After high school, she started a degree at the University of Otago in film and psychology. She did not complete the degree, instead going overseas to work in Melbourne and London in hospitality. In 2006 she decided to train as a journalist and completed a qualification at Massey University.

== Career ==
O'Brien's first journalism role after graduating was at Radio Active in Wellington before joining MediaWorks New Zealand in 2007, firstly on the assignments desk, before moving into reporting for the breakfast and late-night news programmes.

In 2016 she was assigned the role of European correspondent for Newshub, the news division of MediaWorks. In 2018, she returned to Wellington and became Newshub's political editor, succeeding Patrick Gower. Her style of journalism, according to Gower, is "edgy", and she attracts a lot of criticism due to her high profile.
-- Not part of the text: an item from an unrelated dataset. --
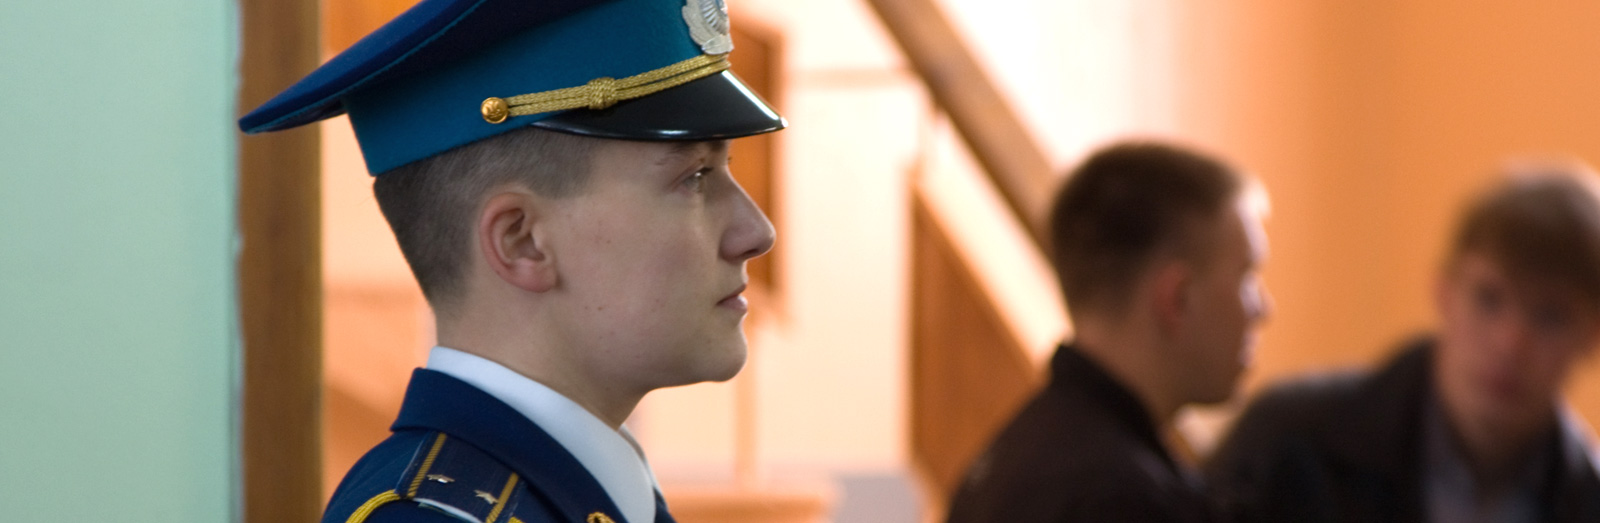 Пуля против Кремля. Как летчица Надя Савченко стала символом украинского сопротивления

In October 2020, O'Brien's interview with Jami-Lee Ross, co-leader of the Advance New Zealand party, garnered 7 million views. She was internationally praised by journalists for preventing Ross from mentioning conspiracy theories about the COVID-19 pandemic during the interview.

In November 2021, Mediaworks, O’Brien’s former employer, rehired her to host the breakfast radio show on new talk station Today FM.
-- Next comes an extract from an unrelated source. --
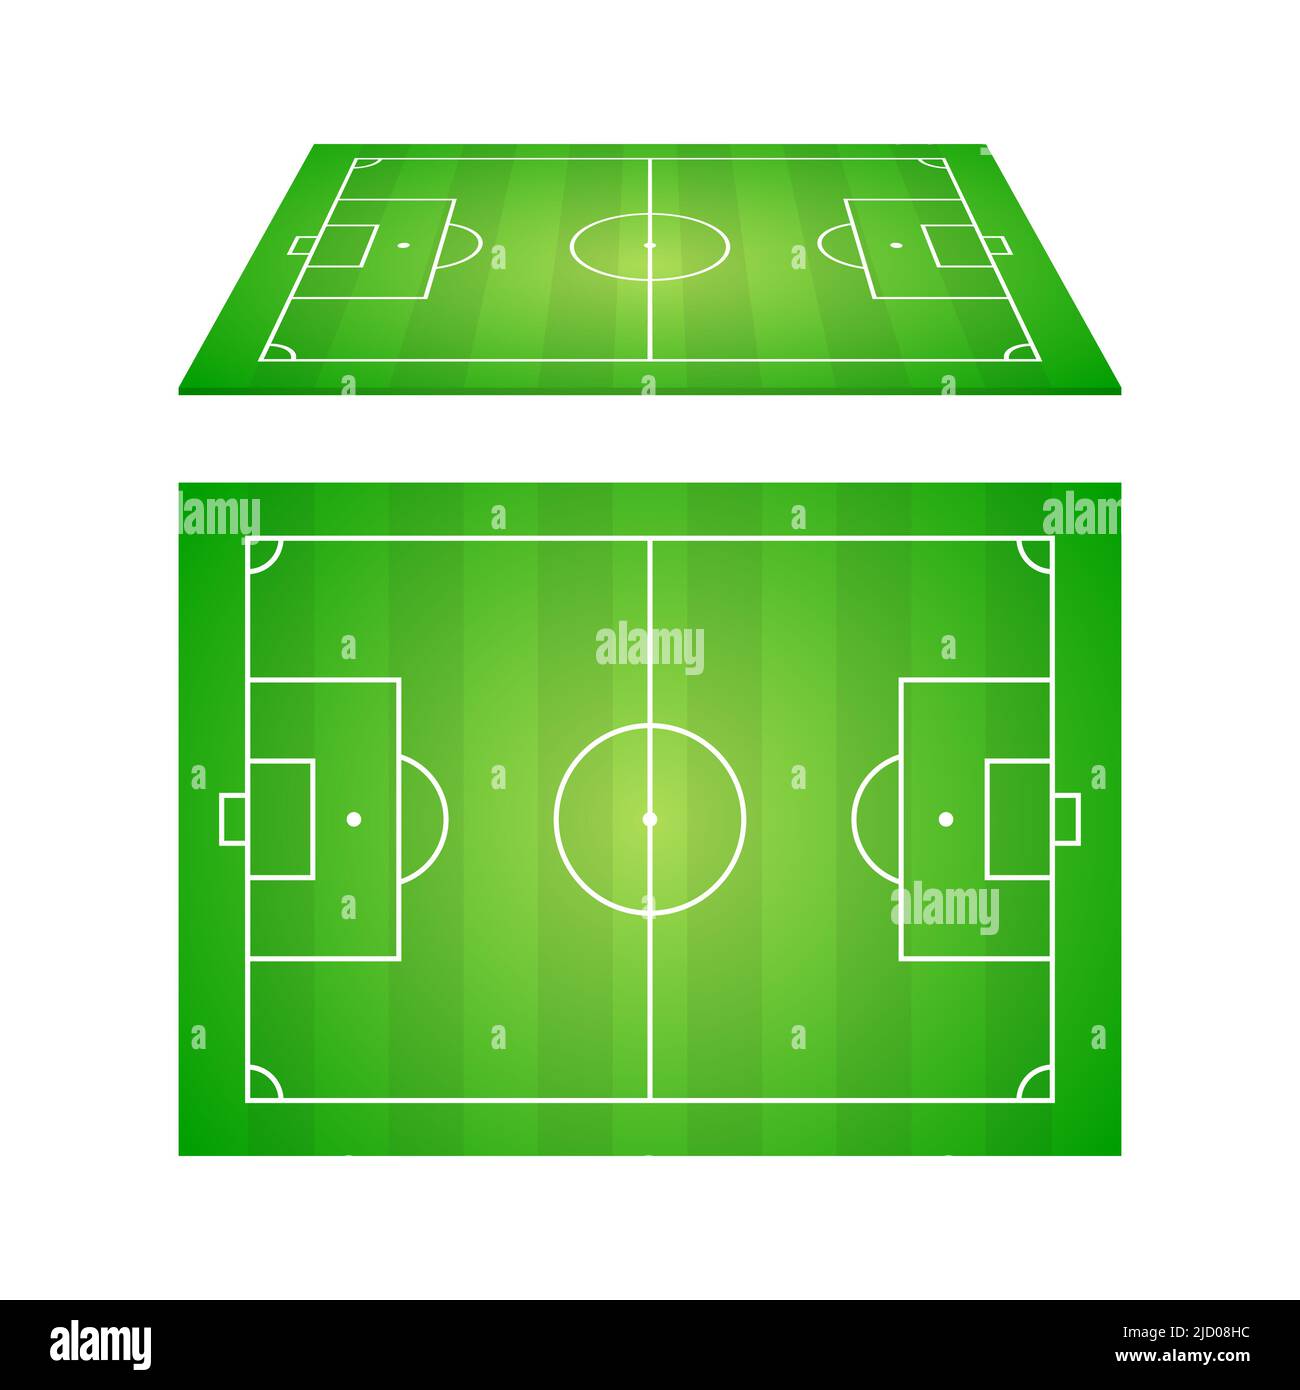 Soccer, European football. Vector illustration. Stock Vector

She left Discovery and her role at Newshub in January 2022, prior to the launch of Today FM, which launched on 21 March 2022.

O'Brien had appealed against a restraint of trade clause in her Discovery contract, which prevented her from joining Mediaworks for three months. But the Employment Relations Authority rejected her case and ordered O'Brien to pay $2,000 for breaching her employment agreement.

On 30 March 2023, Today FM ceased broadcasting, shortly after O'Brien interrupted the mid-morning Duncan Garner Today show to announce the station's closure, with O'Brien quipping "They have fucked us."

O'Brien and Garner, who had addressed the station's future during the 'Tova' breakfast show, continued to criticise station owners Mediaworks until the show was abruptly taken off air and replaced by automated music. The station's closure was confirmed later that day.

On 19 July 2023, it was announced that O'Brien would be joining New Zealand news publishing firm Stuff Digital as its chief political correspondent.

On 12 August 2023, after an article written by O'Brien about the National Party's election strategy was published, National Party MP Chris Penk made an online comment "Sorry but your poor ratings crashed an entire radio station." Christopher Luxon said the comment was "insensitive and inappropriate" because many people lost their jobs when Today FM closed. Penk apologised for the comment.

On 15 December 2025, TVNZ announced that O'Brien would join the broadcaster's early morning show Breakfast in April 2026.

== Recognition ==
In 2019, O'Brien won the award for Political Journalist of the Year at the Voyager Media Awards. The citation read:

Courageous, tenacious, O'Brien wielded considerable influence on the 2018 political scene with her scoops, as a good member of the fourth estate should. She leads from the lip and is not put off by those who would have her silenced. A true political muckraker.

At the 2021 New Zealand Television Awards O'Brien was awarded Best Presenter: News and Current Affairs for Newshub Nation.

O'Brien went on to win the award for Broadcast Reporter of the Year – News at the Voyager Media Awards for two consecutive years, in 2022 and 2023, and was part of the team that won for Best News Story – Team Coverage, at the 2023 Radio Awards for reporting on the war in Ukraine.

== Personal life ==
O'Brien married TV editor and Beastwars drummer Nathan "Nato" Hickey in 2016 in London; they had known each other since 2006 from Wellington.

She announced in August 2024 that she was expecting a child with her new partner, camera operator Cam Williams. O'Brien gave birth to a baby girl on 10 October 2024, 10 weeks early.